A gentle wind blows from the water….Sheltering-in-place #2

 

Thistle, Dodder River, Dublin – c.craig

 

The Great Birds, Kenneth Patchen ( American poet, 1911-1972)

A gentle wind blows from the water.
Along the bank great birds are majestically striding.
It is morning!

Far out there are boats. Far, far out on the crumbling blue shelf
… toy swans slowly, slowly moving their honey-clotted wings.  It
is morning.  Morning … and as every morning is, it is unstained
now … it is exactly like the very first morning ever to come to this
world.

O the sparkling land, the sea, the heavens!
O hushed and clean in the wonder of it!
As slowly, slowly now the great birds appear … wheeling up,
up, up! And at last they are above the village, above the golden-
pink blur of houses and bridges — with our two hearts caught
in the lift of their great wings.

And now the boats … nearer, nearer they come! At last we can
see the glitter of fish on their decks.  And yes, one of
the fisherman has glimpsed us — he waves, calls a greeting, above
him wheel the birds in giant spirals.  Ah! suddenly one dives, then
another and another — their wings brush across the water like
fingers of a caressing hand.

A strand of your hair touches my cheek.
How much better for the world had
nothing else ever happened in it.

 

Kenneth Patchen was an American poet and novelist, part of the San Francisco Renaissance who influenced many of the Beat poets.  A pacifist, he said “I speak for a generation born in one war and doomed to die in another.”
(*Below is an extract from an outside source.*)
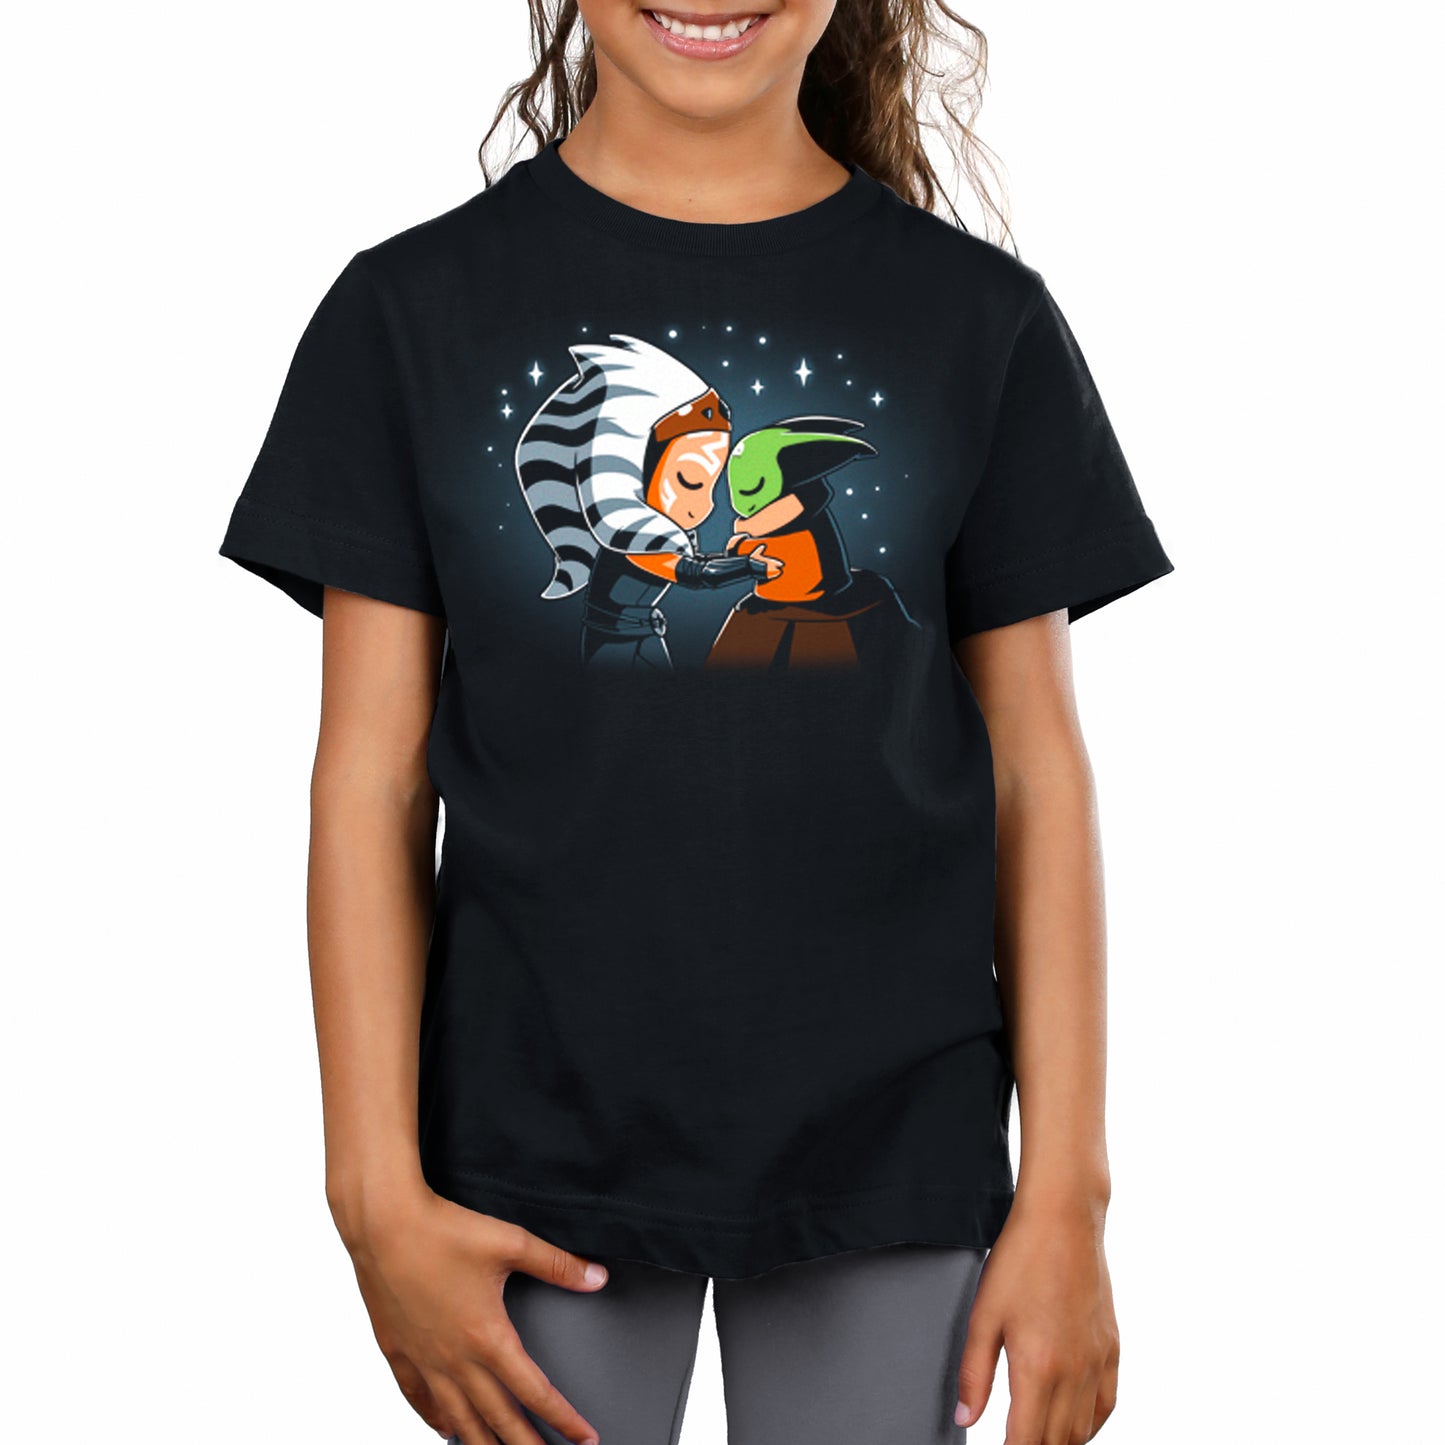 A girl wearing an officially licensed black T-shirt with a Star Wars Force Telepathy image.

As I continue to shelter, cocoon, be locked in place, I will continue to post poems.  I have always seen Patchen as a moral touchstone, and would have posted “The Character of love as seen as a search for the lost” but it is more raw than I can take right now.  It is not the disaster as natural occurrence (and yes linked to climate crisis) but the human-made aspect of it, the venal response of so many who hold power.

Yesterday I turned 75.  For the first time ever, I feel old.  Maybe that’s okay.  On stage, my mother used to say “It took me a long time to get here and I want credit for every year.”